Part 15 „Hotel Room”

Robiąc zakupy do przygotowania kolacji dla siebie i Kola usłyszała dzwonek swojego telefonu. Spojrzała na wyświetlacz, jej oczom ukazało się imię jej ukochanego. Postanowiła odebrać pierwszy raz od czasu kiedy wyjechała. Nie wiedziała co usłyszy po drugiej stronie, miała tylko nadzieję, że ktoś gdzieś w tle nie wypowie nazwy miejsca, w którym pomieszkiwała, lub nie dojdą do niego żadne rozmowy innych ludzi.
- Słucham? - powiedziała do telefonu sięgając na najwyższą półkę po makaron.
- Jestem w szoku, że odebrałaś. - usłyszała zirytowany głos Pierwotnego. - Już prawie zdążyłem się przyzwyczaić, że rozmawiam z Twoją automatyczną sekretarką.
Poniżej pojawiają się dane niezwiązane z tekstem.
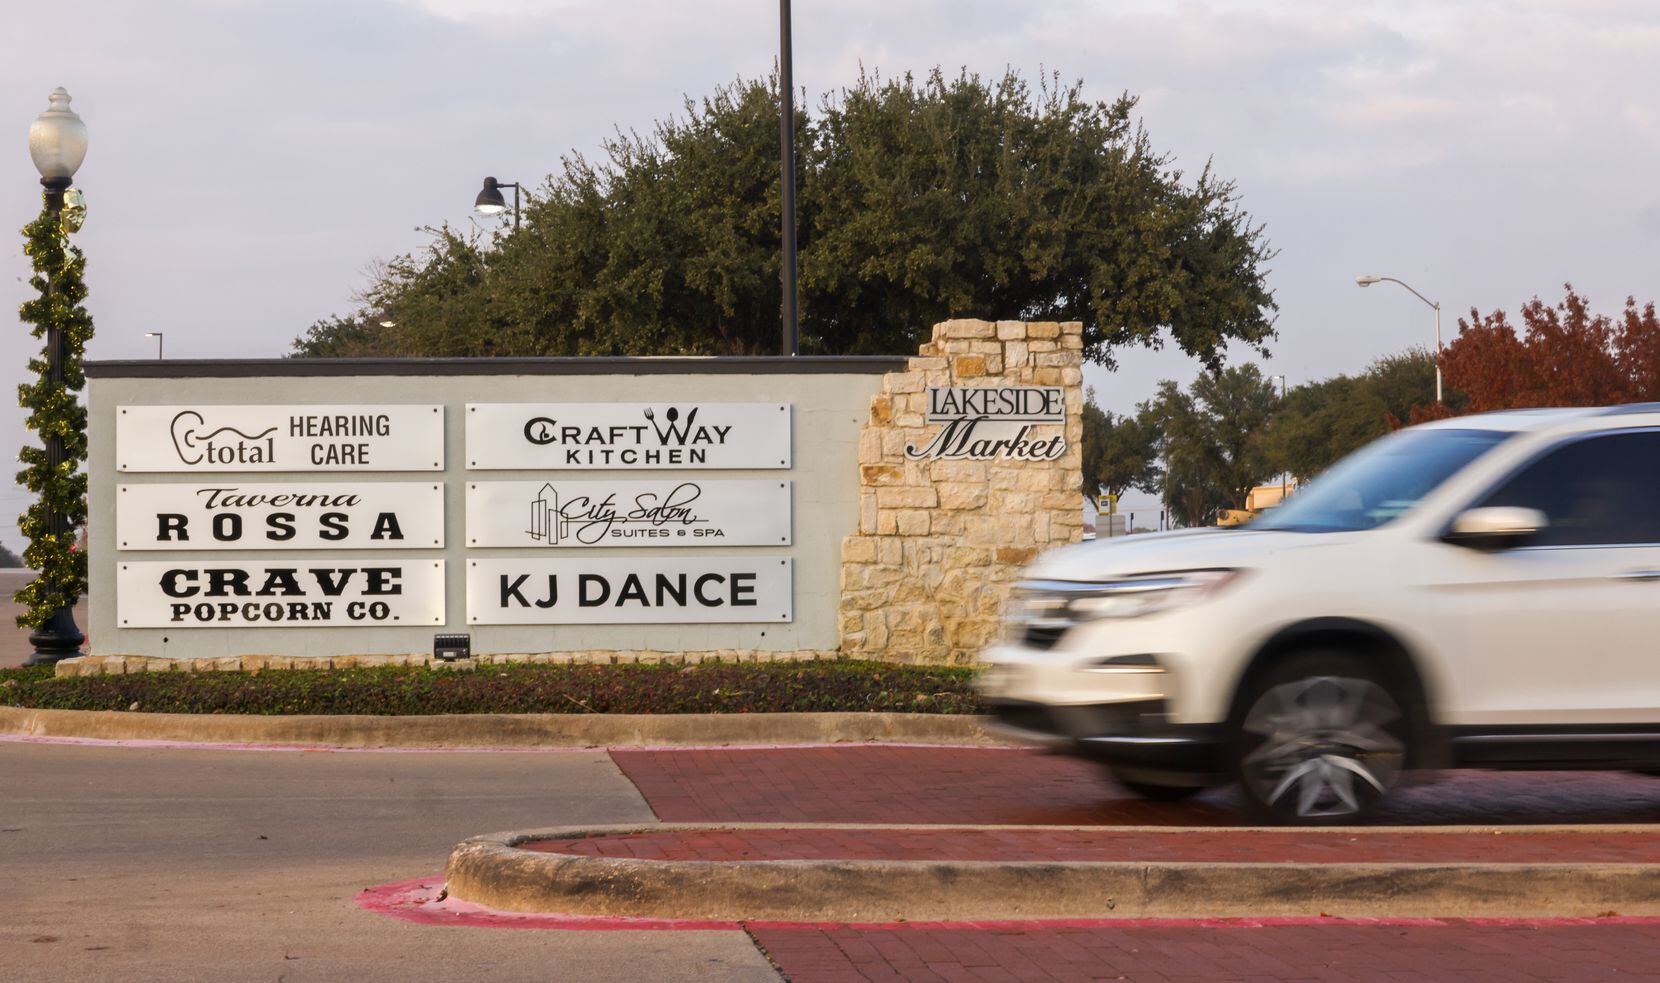 Traffic moves by the entrance to Lakeside Market along Preston Road in Plano on Dec. 7.

- Daruj sobie ten sarkazm i przejdź do rzeczy. - odparła z udawaną złością. Doskonale wiedziała, że nawet jej głos może ją zdradzić.
- Gdzie się podziewasz? - zapytał odrobinę innym głosem. - Nawet Finn wrócił na naszą stronę. Powinnaś do nas dołączyć, pewnie mój starszy brat w końcu się opamiętał.
- Z tego co wiem od Rebeki, to był to pokaz perswazji w stylu Mikalsonów. - odparła kładąc kolejne rzeczy do wózka.
- Rozmawiasz z Rebeką? - spytał zainteresowany. Oczyma wyobraźni widziała jego zmrużony wzrok skupiony na ścianie, bądź też na swojej siostrze, która akurat wchodziła do domu. Była pewna, że Rebekah słowem nie mówiła mu o ich rozmowach, wysyłaniu SMSów. - Nic nie wspominała, prócz tego listu, który zostawiłaś.
- Wygadałam się, zdarza się najlepszym. - odpowiedziała szybko. Gdy dłuższy czas milczał, a ona w końcu dojeżdżała do kasy odezwała się. - Wrócę za kilka dni Niklaus. - szepnęła przymykając oczy.
- Dlaczego w ogóle wyjechałaś?
- Mówiłam Ci. Napisałam w liście. Musiałam trochę od tego odpocząć. Zgadza się, nie spędzaliśmy z sobą czasu prawie 100 lat, ale tyle rzeczy wydarzyło się odkąd na nowo zeszliśmy się, że ja musiałam odetchnąć.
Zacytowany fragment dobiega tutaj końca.